Learning From Bonds’ Defenders
(3/15/2006)

Nothing reveals the popularity of flawed ethical reasoning more vividly than when credible accusations of unethical conduct are leveled against a prominent public figure. President Clinton’s Monica problem launched months of fevered defenses on cable news shows, radio talk shows and C-Span, almost all of them governed by rationalizations rather than logic. As the walls close in around Barry Bonds and the conclusion that his late-career blossoming into one of the greatest sluggers in baseball history was fueled by illegal performance-enhancing drugs becomes more unavoidable, many fans, reporters, columnists, bloggers and players are following in the Clinton defenders’ footsteps, with additional variations specific to Bonds’ situation. Recognizing and avoiding rationalizations is essential to behaving ethically, so it is instructive to consider those currently on prominent display. Any of us will be tempted to use their like some day, for our own purposes, or to bolster our fallen heroes.

“The Presumption of Innocence” Myth. The Scoreboard discussed this in its last Bonds comment (“Being Fair to Barry Bonds”), but omitted the clearest example of why the presumption of innocence has nothing to do with rightly concluding that someone is guilty of misconduct when the evidence is overwhelming. Let us presume your companion, standing right next to you, suddenly ran up to someone on the street and strangled him right before your eyes, in broad daylight, then came back to you and said, “I’m sorry you had to see that, but I just had to kill the guy.” Would you later maintain that there was a question whether he had actually committed the murder? In the eyes of the law, your deadly companion would still be technically “innocent,” because a jury hadn’t pronounced him guilty. But this wouldn’t mean that there was the slightest doubt that he committed the act, and it would be unreasonable, indeed absurd, for you to claim otherwise. The huge amount of documentation and testimony gathered in the book “Game of Shadows” places Bonds perilously close to the status of your fictional companion. At a certain point, the presumption of innocence concerns only process, not truth.

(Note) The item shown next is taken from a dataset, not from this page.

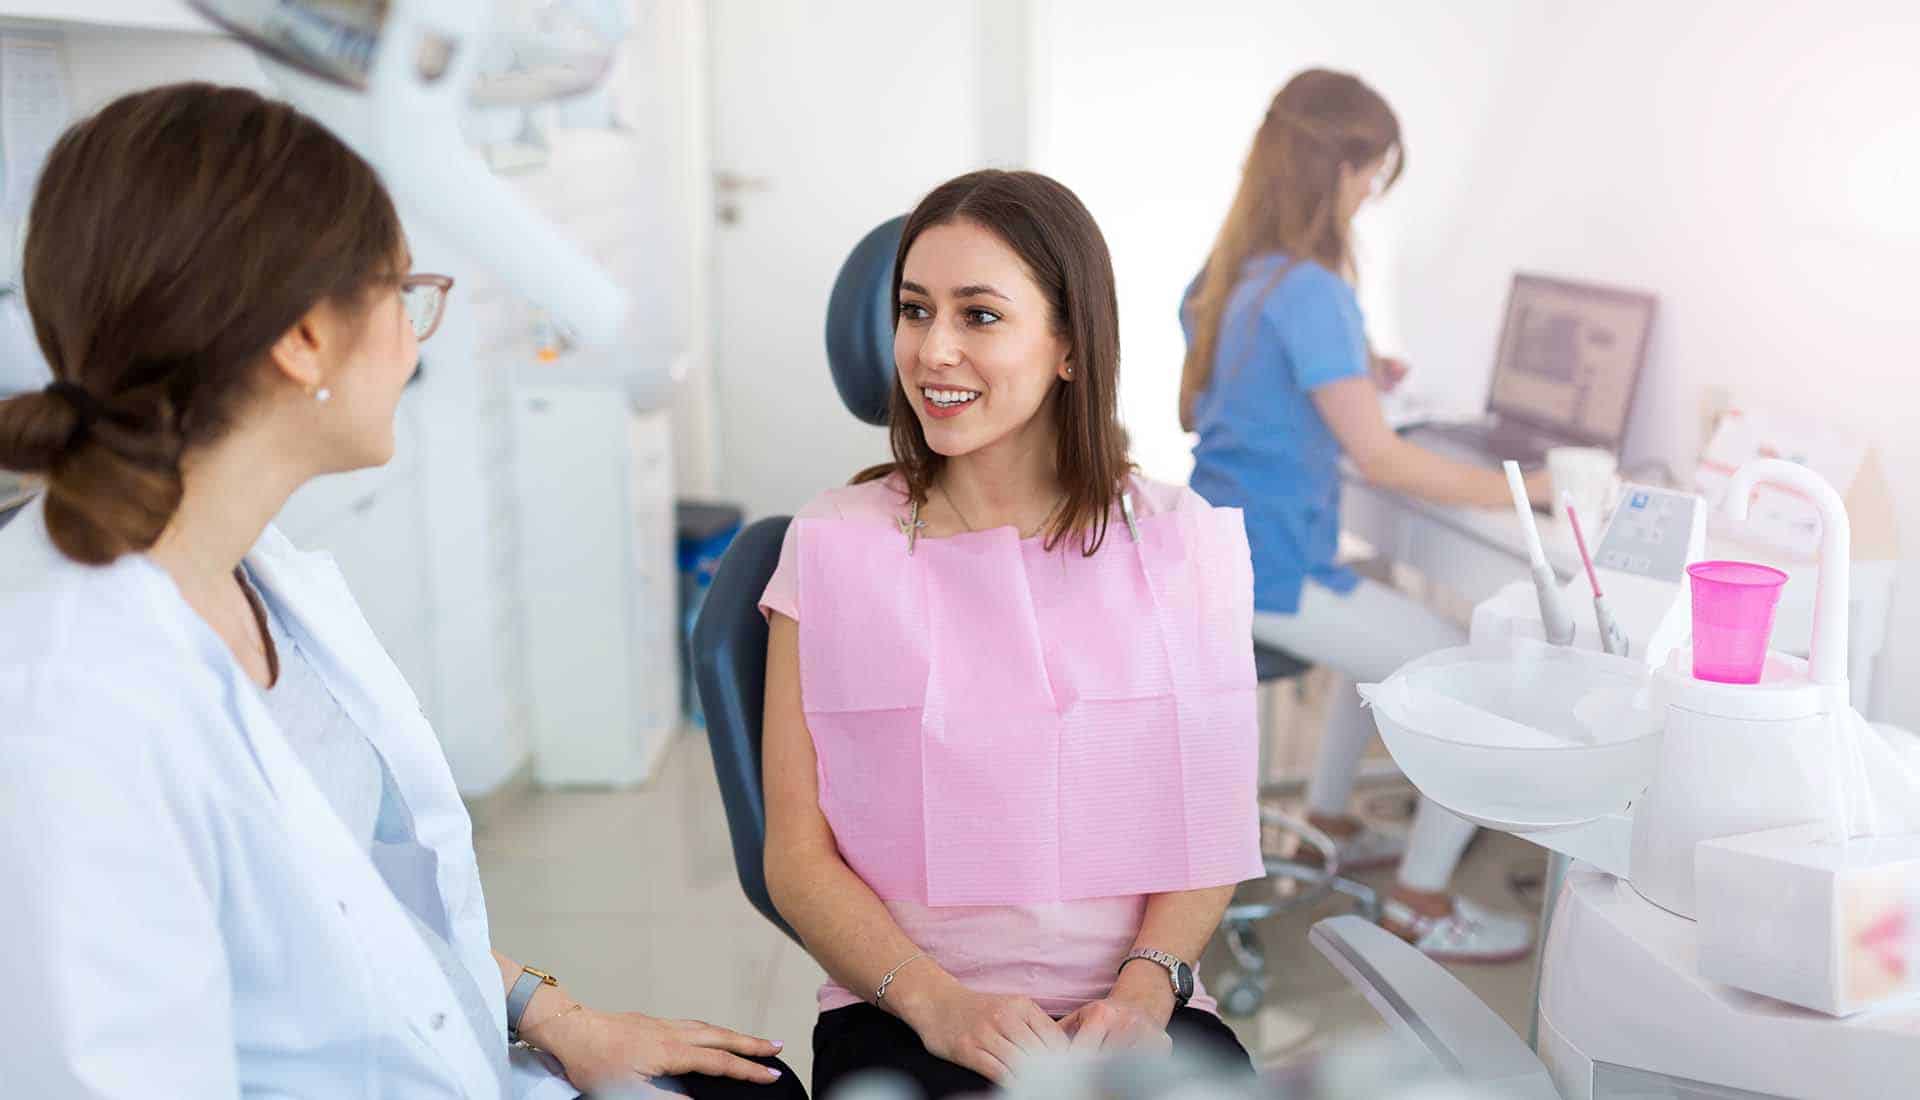 Dentist Services in Kansas City, MO: Your Comprehensive Guide to Dental Care

“He didn’t test positive.” Bonds defenders often talk as if a positive drug test is the only evidence that can justify a reasoned conclusion that a player used steroids. This is a convenient fiction for a clever steroid-user, like Bonds, but it is neither logical nor true. Raphael Palmeiro’s positive drug test actually tells us less about the extent and effects of his steroid use than Mark McGwire’s physical transformation, record-setting home runs, connective tissue breakdown, post-retirement physical reduction and tearful refusal to answer questions in the Congressional hearings on steroids told us about McGwire’s reliance on the drugs. Palmeiro’s seasonal performance never spiked improbably like those of Bonds, Sosa and McGwire; he didn’t display the typical physique changes and weight gain characteristic of steroid-using jocks. But can anyone come up with one single plausible explanation for Mark McGwire’s refusal to deny steroid use when asked point-blank under oath, other than the fact that he had used them? He likes being humiliated, perhaps? He didn’t want to show up his pal, Sammy Sosa, who also ducked the same question? He’s shy? He never wanted to be voted into that musty old Hall of Fame anyway? In Bonds case, the lack of a positive drug test is more than compensated for by the abundance of other evidence…eyewitness reports, documents, tapes, Bonds’ career path, his appearance, his associates and his conduct. When the police stop a weaving car and the bleary-eyed driver steps out, reeking of gin, staggering and singing “Show Me the Way to Go Home,” the police don’t need the breathalyzer to know he’s drunk.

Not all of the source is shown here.